I'm a brat. That's all I ever will be. A goddamn useless brat. Today was Thanksgiving. A day where you're supposed to be thankful for everything. But what? What could I be grateful for? Living? My family is still the same. The fighting and everything. My mom is still as naive as she always was, and she doesn't see it. She doesn't want anything to do with MY point of view. No, instead, she just wants everything her way. When I went to get dad for his shower at around 6 PM, I decided to visit mom so I could try to bond with her again. Of course, it didn't go well. She brought up that I needed a haircut. I can see why, but I didn't want one. So, when I tried to gently reason with her as possible, she only ignored my request and went on about not wanting me to look like a "girl" or some bum on the street. What the hell? I take care of myself just fine. I even say all kinds of good things about her!.. just for a mom who doesn't want anything to do with me other than maybe a perfect picture and to look like a good, responsible woman. All because I said I didn't want my hair cut yet. Why? Why am I a brat?
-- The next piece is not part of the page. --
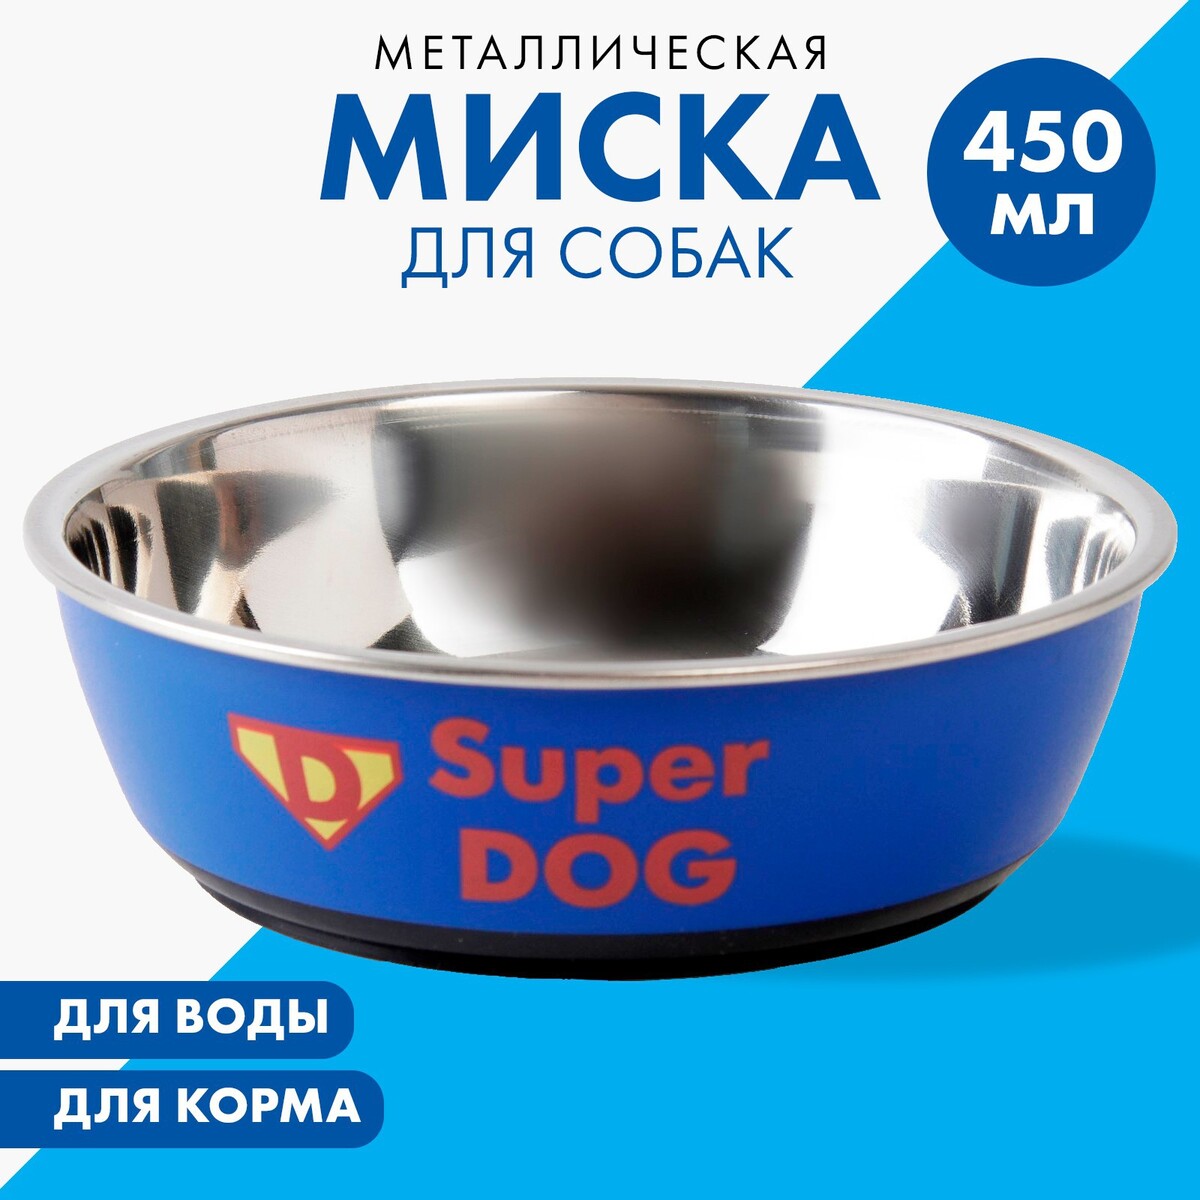 Миска металлическая для собаки super dog, 450 мл, 14х4.5 см постер а3 собаки

Maybe I get it from my mother. But then again, she won't believe it if I did tell her. She sees herself as a responsible, grown woman when in reality, she's practically like a spoiled kid in an around 40 year old body. And she won't reason with anyone. Not even me.
I'm only just sounding more like a brat, aren't I? Just by writing this?... I'm not sure if I can tell my friends, as they will comfort me.. and I'll just feel bad that I can't do the same, not as great as they do. I'm not a very reliable person.. and yet, I don't have much choices. There's no good adults out there that won't tell anyone because it's the purpose of their job, or anything. Only us kids. Us kids. We can only really rely on our own comfort and whatever fantasy books and video games or whatever interest we have to use for entertainment and comfort to block our minds away from the real problematic world we live in.
I'm sorry. But who could I say sorry to? No one is there. Not for me, at least. Maybe it's a good thing, though.